We did _something_ , there's _something_ there, it isn't what _anybody_ really
wanted, it was done half-assed, tied up in politics and money for far too
long, poorly planned, not a compromise so much as an act of our collective
mediocrity...you could be talking about both wars, the security state that's
risen up, or the building using any or all of those statements.

It feels better than the gaping wound in the ground that was there for so
long. But just like any massive wound leaves a scar that's worse than the
original skin, it's not-quite-right in the same way.
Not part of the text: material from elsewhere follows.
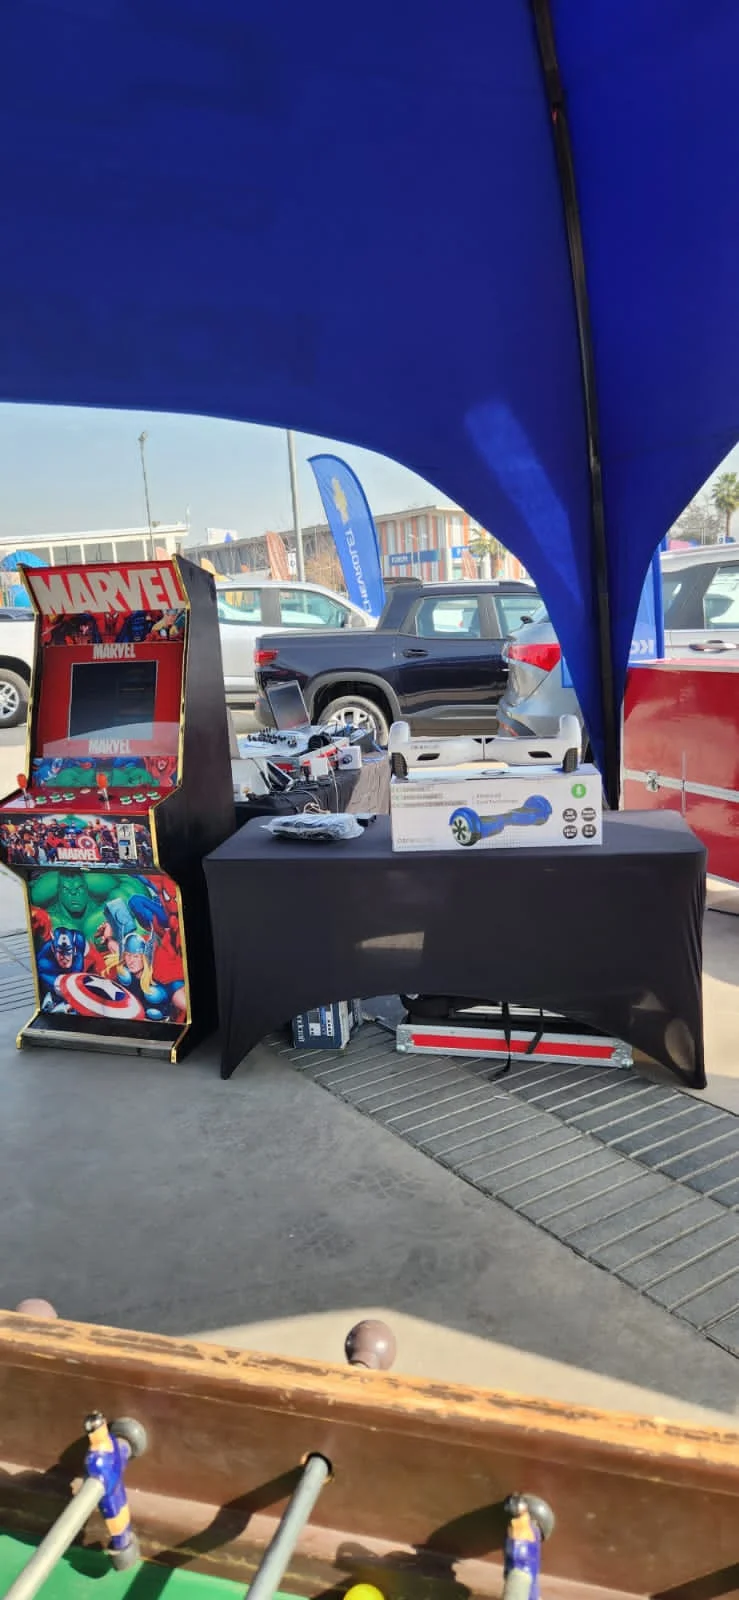 Máquina Arcade Marvel – Santiago Inflable

I broke down into sobs the first time I walked by the hole, I felt strangely
apathetic when I walked by the tower.

------
dankohn1
I live a block away and push my 5yo, on a Citibike, by its base every morning
on our way to the subway. It is not my favorite building in the city (the
Chrysler and Woolworth buildings are far more engaging) but it is absolutely
iconic. As soon as the observatory deck opens next year, it will become a
tourist mecca.

For those in the neighborhood, the big change will be when the other half of
the fencing around the 9/11 Memorial Plaza is removed, so that the whole area
actually becomes part of the surrounding neighborhoods again for the first
time in 50 years. Also, there is a ton of retail going in, none of which has
opened yet: [http://tribecacitizen.com/2014/11/18/the-restaurants-and-
foo...](http://tribecacitizen.com/2014/11/18/the-restaurants-and-food-shops-
coming-to-the-world-trade-center/)

As for the building itself, I like how it is a perfect octagon halfway up, but
from the base look like a triangle. Here are my sons at the base:
[https://www.dropbox.com/s/ttbourn3fi0xiiq/1WTC.jpg?dl=0](https://www.dropbox.com/s/ttbourn3fi0xiiq/1WTC.jpg?dl=0)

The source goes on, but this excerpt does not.